Does anyone know which is correct :?: :?: Have I missed something :?: :?: or is the MMM article, (as I suspect) wrong :?: :?:


----------



## Blizzard (Sep 21, 2009)

Hi Naunty, 

Since we started MHing, we've always gone off the 110, 100 & 80 figures without any problems.

We initially picked those figures up from the CC.

I'm sure someone will be along soon with a definitive answer,



Ken.


----------



## dennisandandrea (May 1, 2005)

We are in Southern Spain, the speed limits on roads have been lowered form 120km to 110km on motorways. In towns down to 30km, in local paper this because of the fuel costs. 
Could this be why there have down in France. 

Dennis


----------



## naunty (Aug 19, 2010)

I can understand the argument relating to the current fuel prices, but its just that I've never seen anything to legally support this. It's certainly an important issue, as the reductions mentioned in MMM, are fairly significant, but I still feel there is a very strong possibility that the author has got it wrong.


----------



## naunty (Aug 19, 2010)

I think I may have just answered my own question, in which case, the Caravan Club advice may well be wrong.

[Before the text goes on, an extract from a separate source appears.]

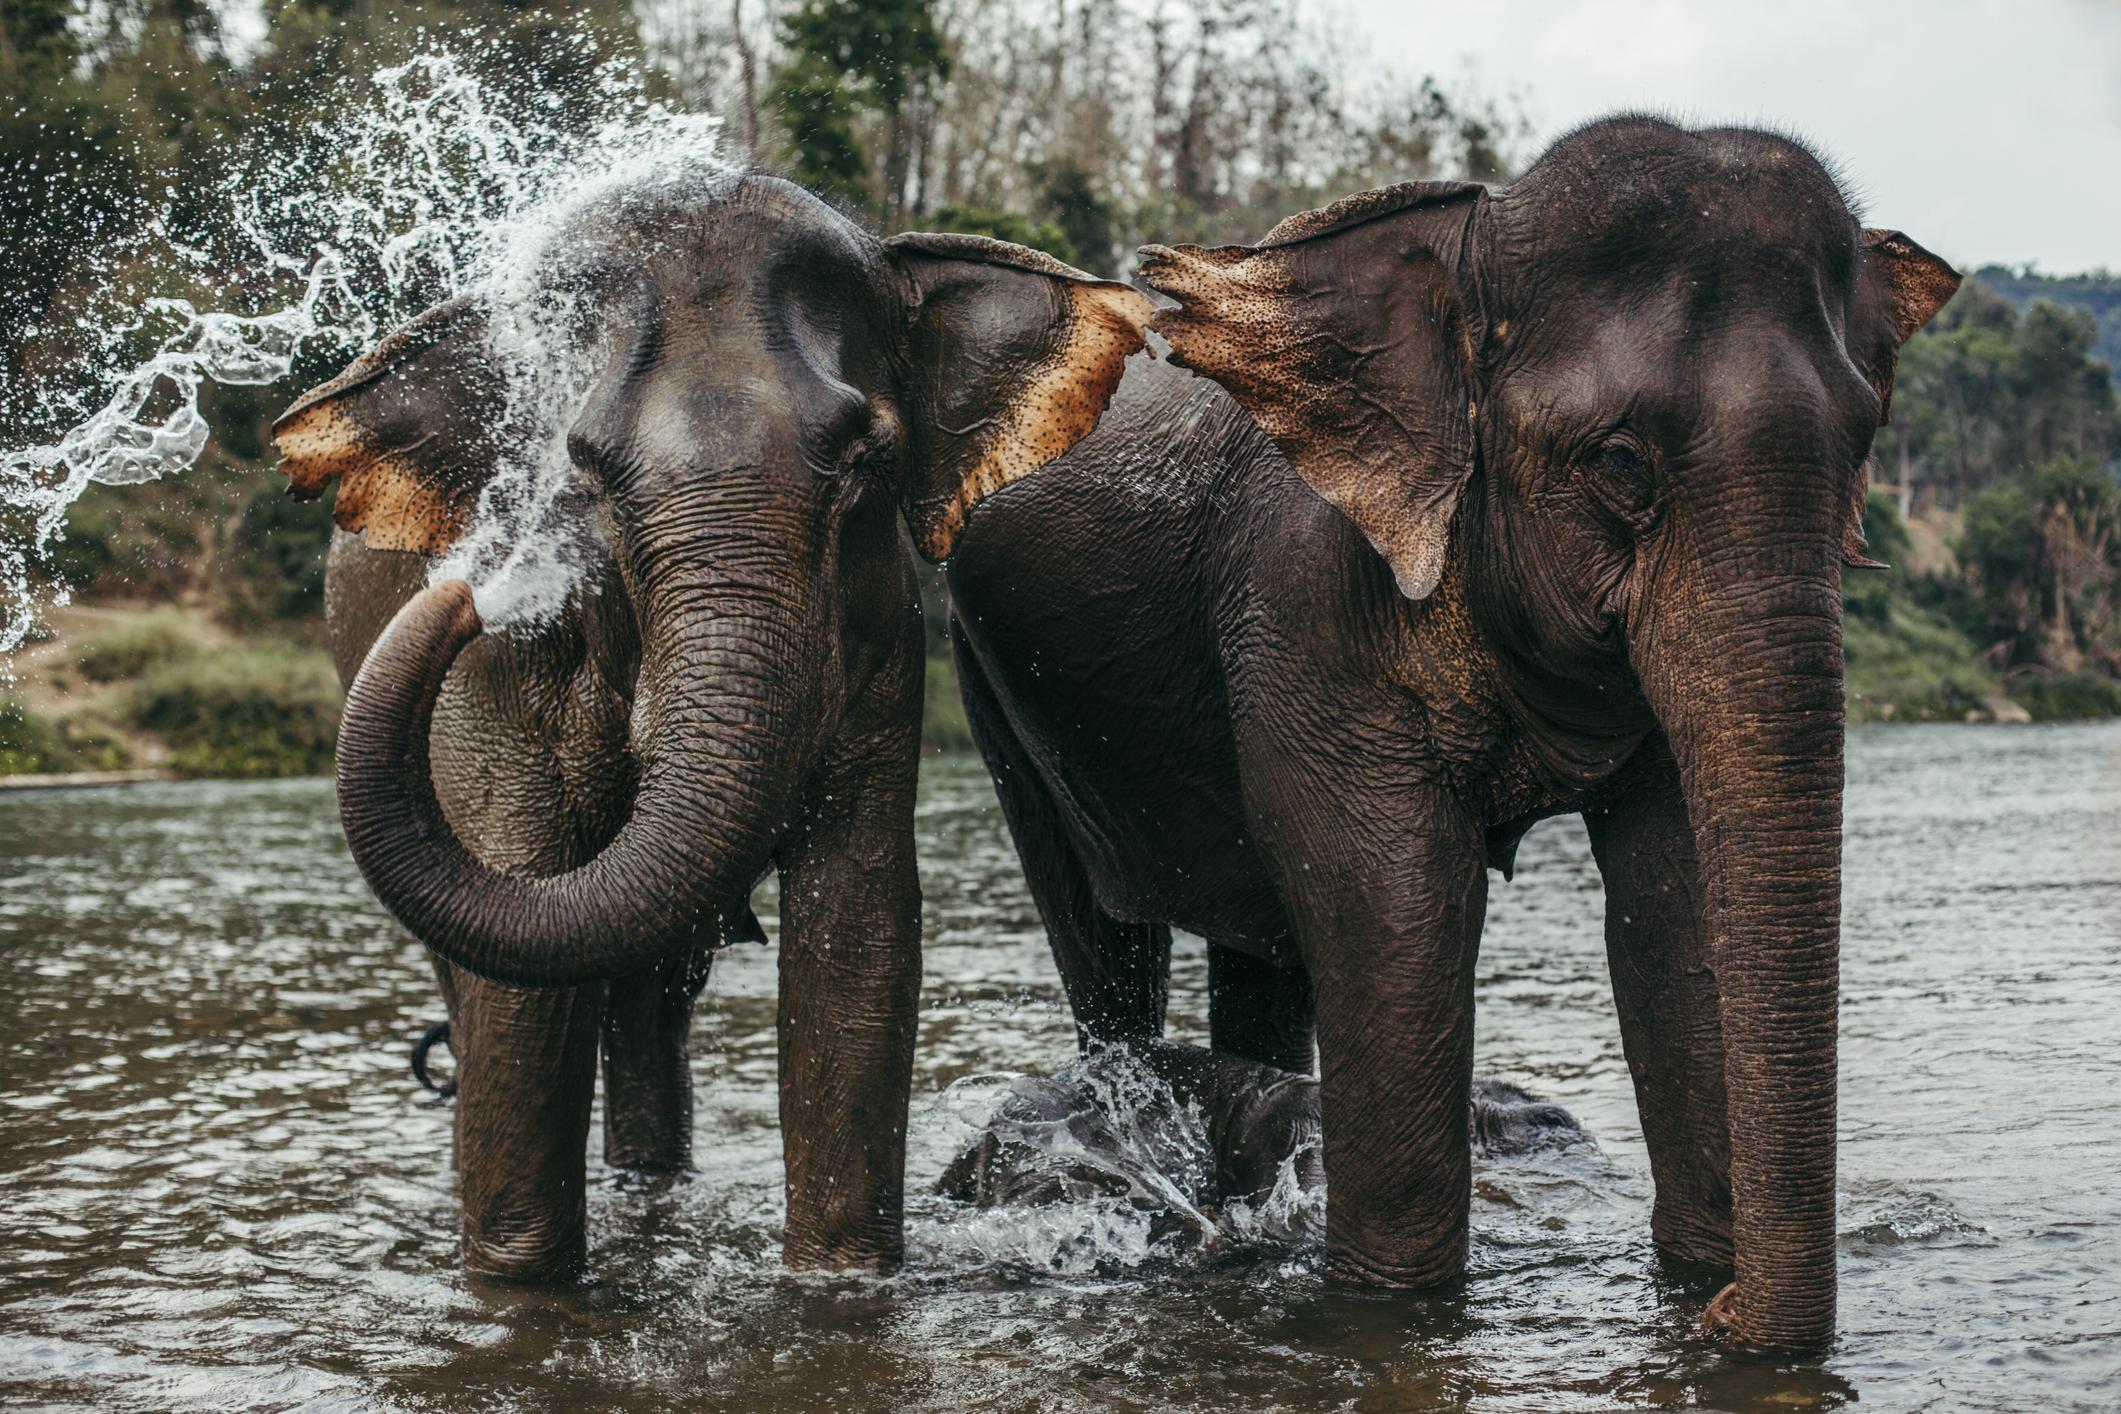 <p>През 2018 г. жители&nbsp;на град в щата Ню Йорк забелязват как слон се разхожда по улиците. Медиите тогава съобщават, че слонът&nbsp;е избягал&nbsp;от резерват за диви животни, а след залавянето му, властие го връщат обратно в резервата.&nbsp;</p>

I've been digging a bit deeper and found further threads on the MMM forum from the original author of this speed limit problem - Brian Kirby who seems to have done some serious research into this. When questioned by similarly sceptical motorhomers, he has quoted the following:



> _ The limits were published in the French motorhome magazine Le Monde du Camping-Car, edition 228 S, February 2011. They quote from Décret 2009-754, of July 2008. I checked this at legifrance.gouv.fr: the relevant item can be found here: http://tinyurl.com/46dhe6k_





> _He further states; I believe what I posted is a) the latest and b) is correct, subject to my understanding of the French. Note that "poids total autorisé en charge" or PTAC means MAM, and "poids total roulant autorisé" or PTRA means gross train weight (GTW). Also note that actual laden weights do not count, it is the plated weights that are taken into account. Further note that "véhicules de transport en commun" means goods vehicles, which does not include motorhomes._


For those who don't have or haven't yet received April's MMM, the following is a copy of the original article:



> _For those of you who may have forgotten, or even didn't know, if your vehicle is over 3.5 tonnes (3,500kg) MAM, or if the combined MAMs of your vehicle and any trailer (so virtually all motorhomes towing anything!) exceed 3.5 tonnes, different speed limits apply in France.
> 
> Specifically:
> 
> ...


----------